What he took to be twilight, a summer dusk, the looming shadow of night falling, was in fact dawn, a slant of light rising like the first sword blade of sunrise and lifting upward, slashing open the darkness so the whole sky was pierced with day. The difference was that the moon was still sharply visible, and so were the stars, as he remembered them on some of the clearest mornings of his life. This morning was full of bright stars in a pale sky, with the same important patterns of constellations — readable to him now, the complex skein of stars making perfect sense.
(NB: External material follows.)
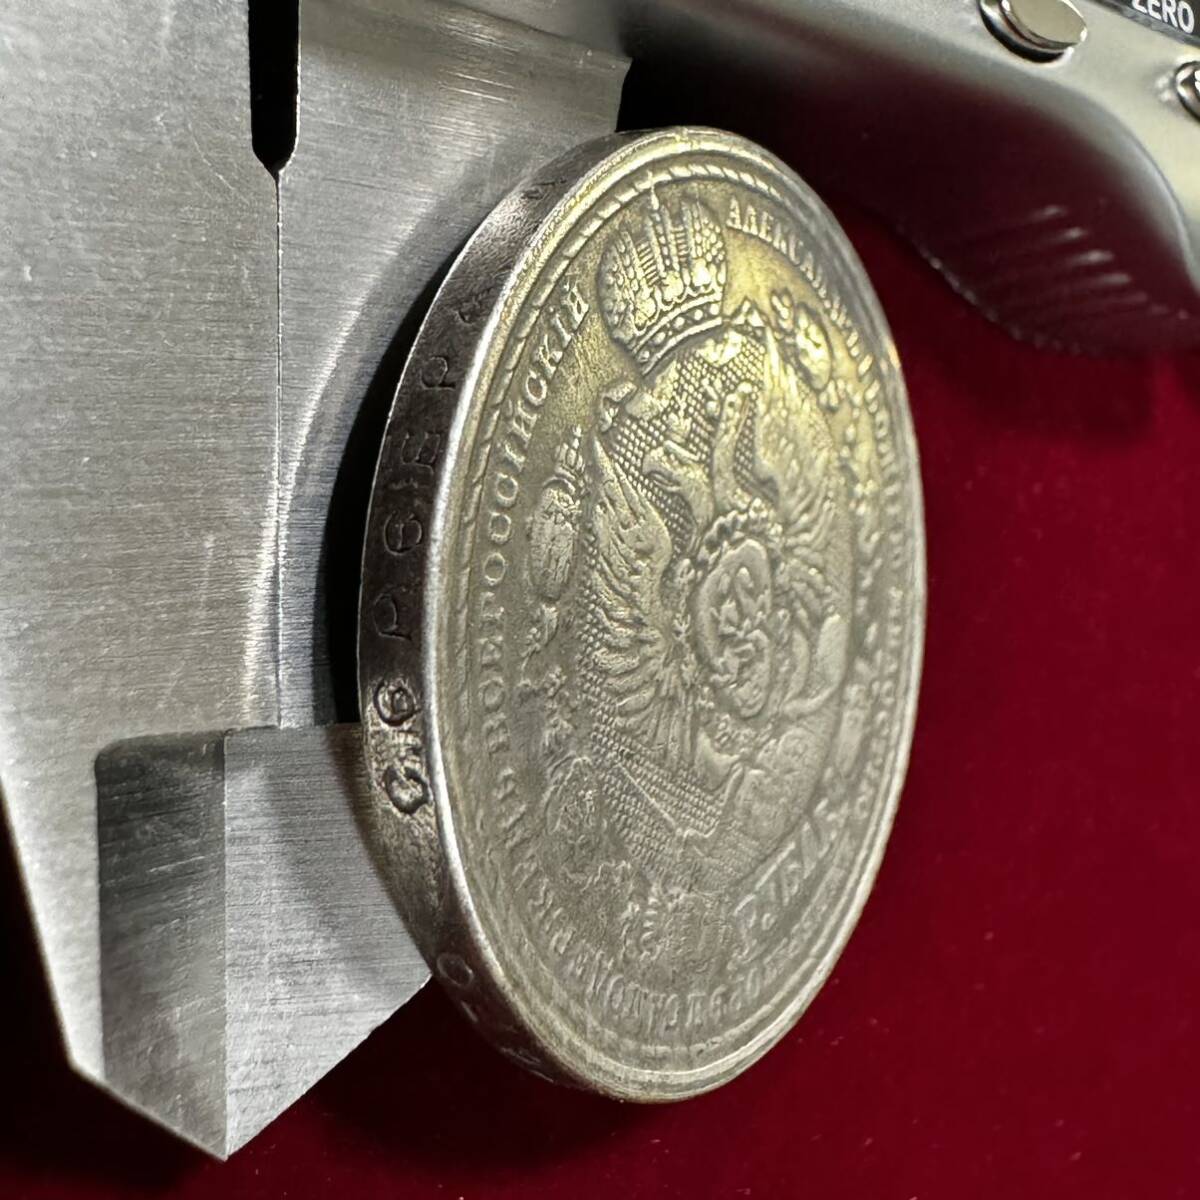 ロシア帝国 硬貨 古銭 1812年の愛国戦争 1912年 フランス帝国侵攻 100周年記念 国章 ルーブル コイン 銀貨 外国古銭 海外硬貨の画像3

He had no eyes, yet his whole bedazzled body was an organ of vision, receptive to all images. He seemed to understand and receive these sights with the surface of his vibrant skin. He felt a transparency of being, a prickling awareness — not observing in a simple goggling way, but knowing, being connected, a part of everything that was visible.
No visions played in front of him. Instead, they glowed inside him — his body was the engine of the vision, the light was within him. He was hyperalert as though feverish, and the crystal world was composed not of surfaces but of inner states, what lay beneath the look of things, sometimes hilariously, for he had a glimpse beneath a mass of expensive adventure gear of a big pale body he recognized as Hack’s — so odd to see this irrelevant American here and Sabra beneath him, making a cradle of her open legs. Not so hilarious was his understanding of his immediate surroundings, for there were snakes in the trees and spiders in the thatch and a clutch of nibbling rat-sized rodents in the undergrowth. Listening closely, he remembered and could understand everything that Manfred had said in his sleep.
No one knew him, no one saw his condition: the Secoya were indifferent to the state he was in. They were on the point of leaving the gringo to writhe, and he knew he was the gringo.
Turned inside out, he could think very clearly. He saw the blossom — he was inside the angel’s trumpet. This is what the ayahuasca told me. He was blind in a powerful way, in the thrall of a luminosity he had never known before, so that blindness was not the shadowy obstacle of something dark but rather a hot light of revelation, like a lava flow within him, a river of fire, and he was euphoric.
He could fly in a dazzling arc over the people who were near him. There were many of them, some from the distant past, women and girls he had known. But he was the only one who could see. They could not see him, or even themselves, in their flattened shadowy state.
“Slade.”
Ava was calling to him, whispering, imploring. He knew she was worried — more than worried, she was terrified. And he understood: This is her own terror of herself and the world; it has nothing to do with me. She is lamenting something within her, crying out to herself.
Speaking with his whole body, Steadman said, “I am not that man.” He was outside time, outside his eyes, outside his body, in the opposite of a dream state. He was a hovering witness, seeing everything, all the guts and gizzards, the nakedness of familiar people, the sadness of their deceits. Of his own deceits, too, for he was like them — his keenest illumination was just that, a glimpse of his resemblance to these people.